Pictures in the data must not be copied, but everything else should be output exactly.

**Given data:**
===
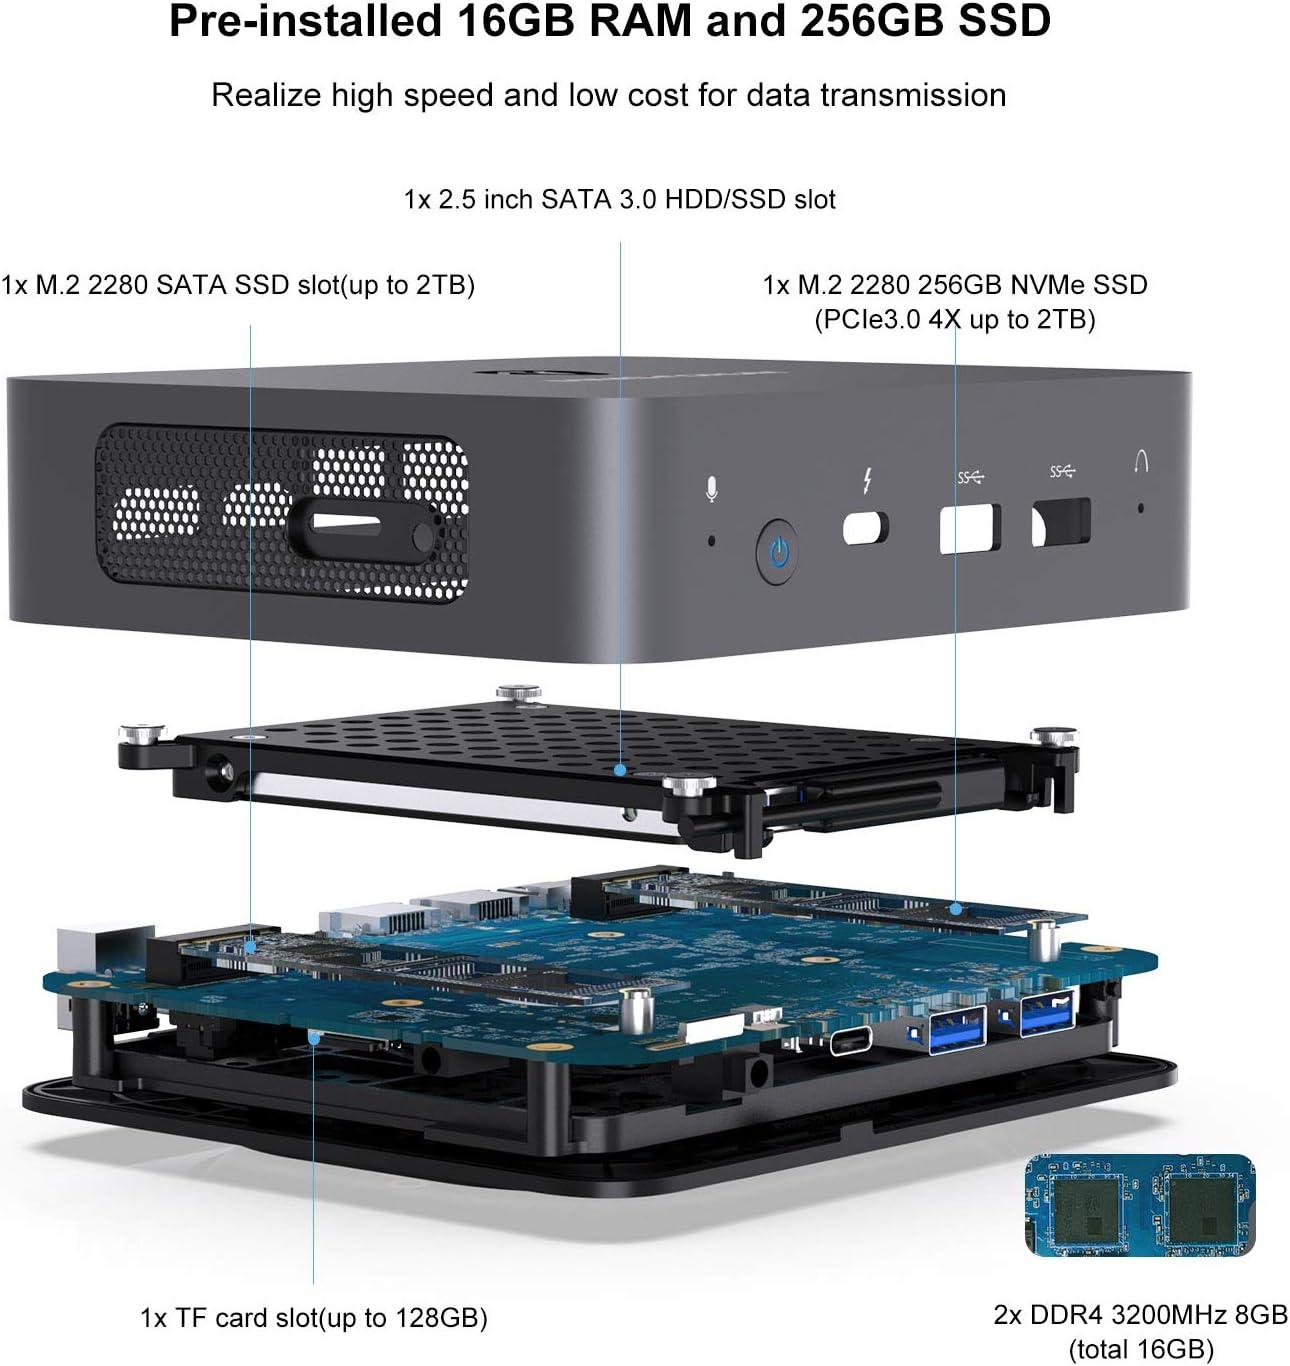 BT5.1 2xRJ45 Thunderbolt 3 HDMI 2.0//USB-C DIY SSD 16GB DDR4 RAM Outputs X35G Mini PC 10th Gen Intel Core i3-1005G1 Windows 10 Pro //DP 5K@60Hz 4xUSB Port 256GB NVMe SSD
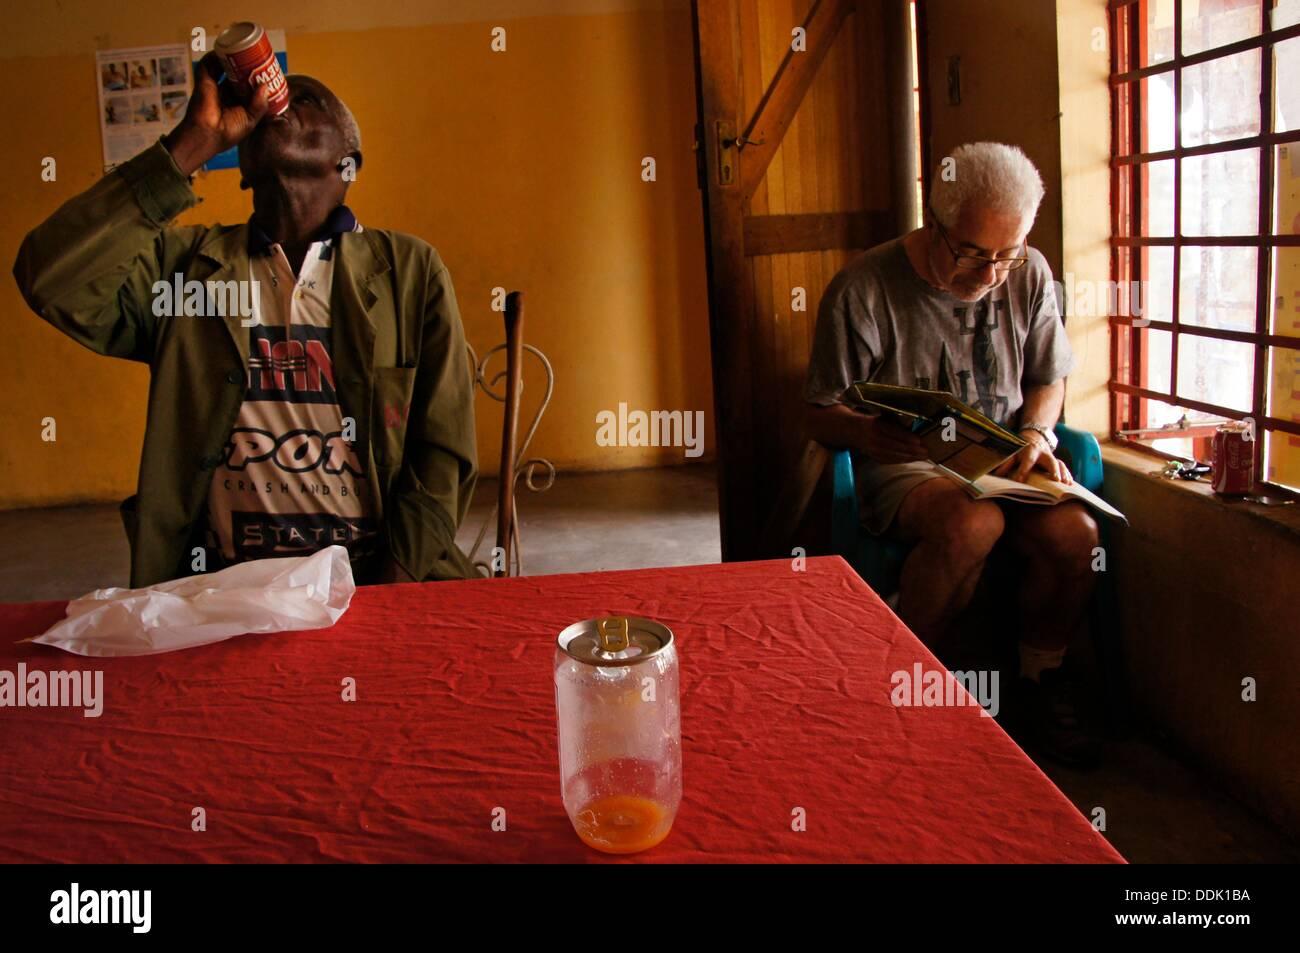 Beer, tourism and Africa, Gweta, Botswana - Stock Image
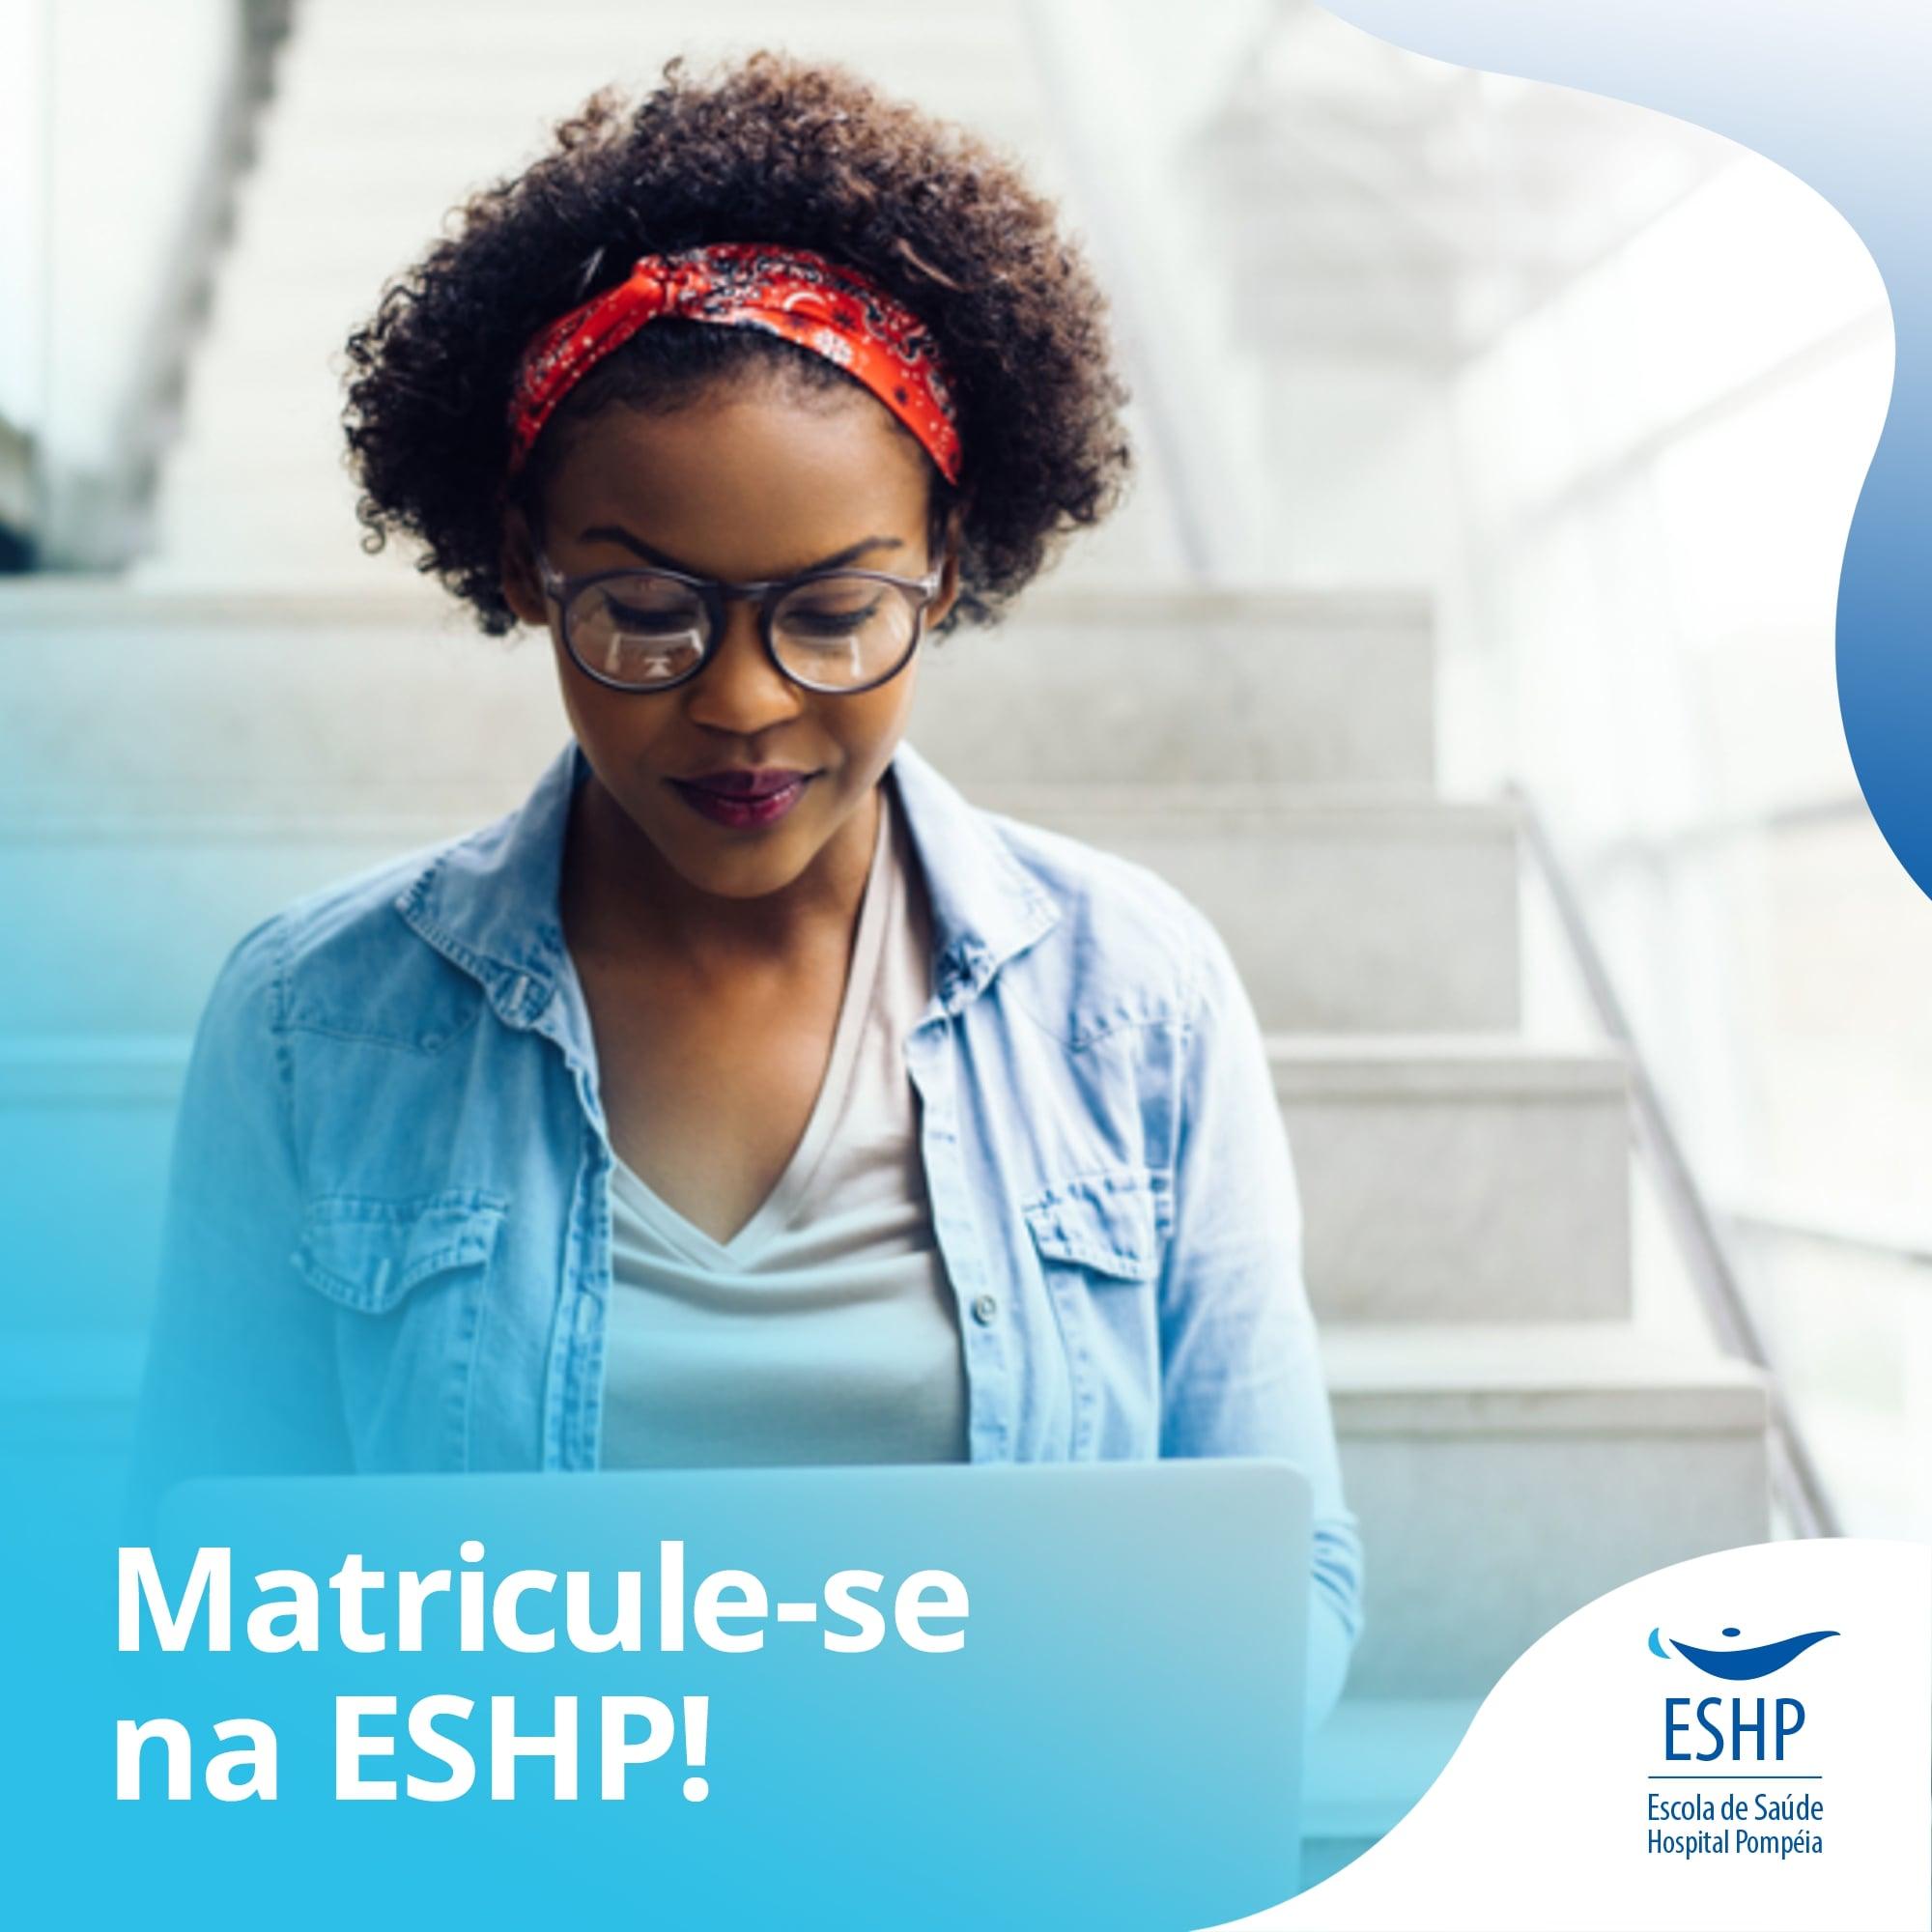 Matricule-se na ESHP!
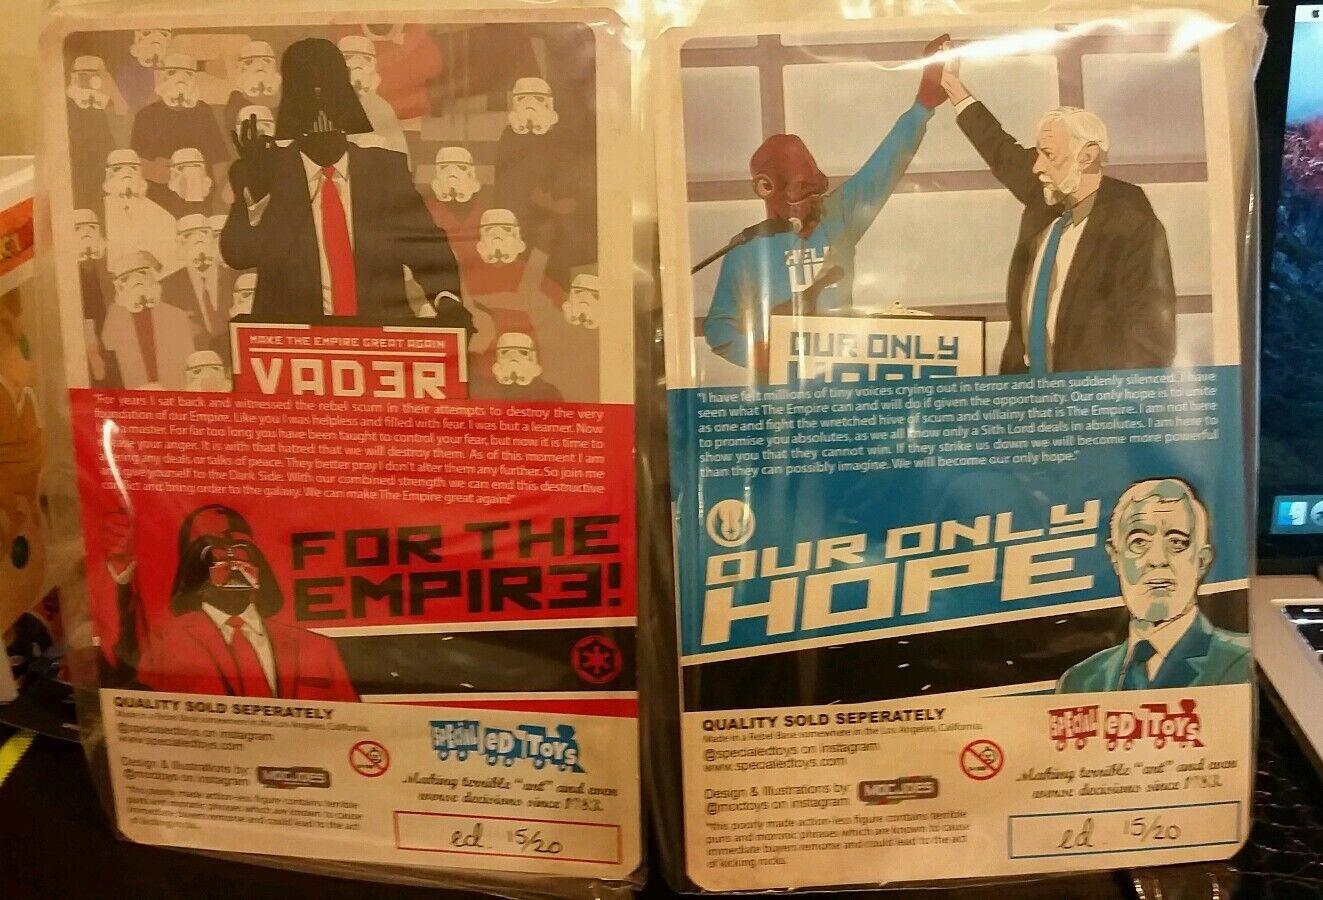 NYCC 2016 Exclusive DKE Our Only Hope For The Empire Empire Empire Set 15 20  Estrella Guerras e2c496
===
**Output of the task:**
 BT5.1 2xRJ45 Thunderbolt 3 HDMI 2.0//USB-C DIY SSD 16GB DDR4 RAM Outputs X35G Mini PC 10th Gen Intel Core i3-1005G1 Windows 10 Pro //DP 5K@60Hz 4xUSB Port 256GB NVMe SSD
 Beer, tourism and Africa, Gweta, Botswana - Stock Image
 Matricule-se na ESHP!
 NYCC 2016 Exclusive DKE Our Only Hope For The Empire Empire Empire Set 15 20  Estrella Guerras e2c496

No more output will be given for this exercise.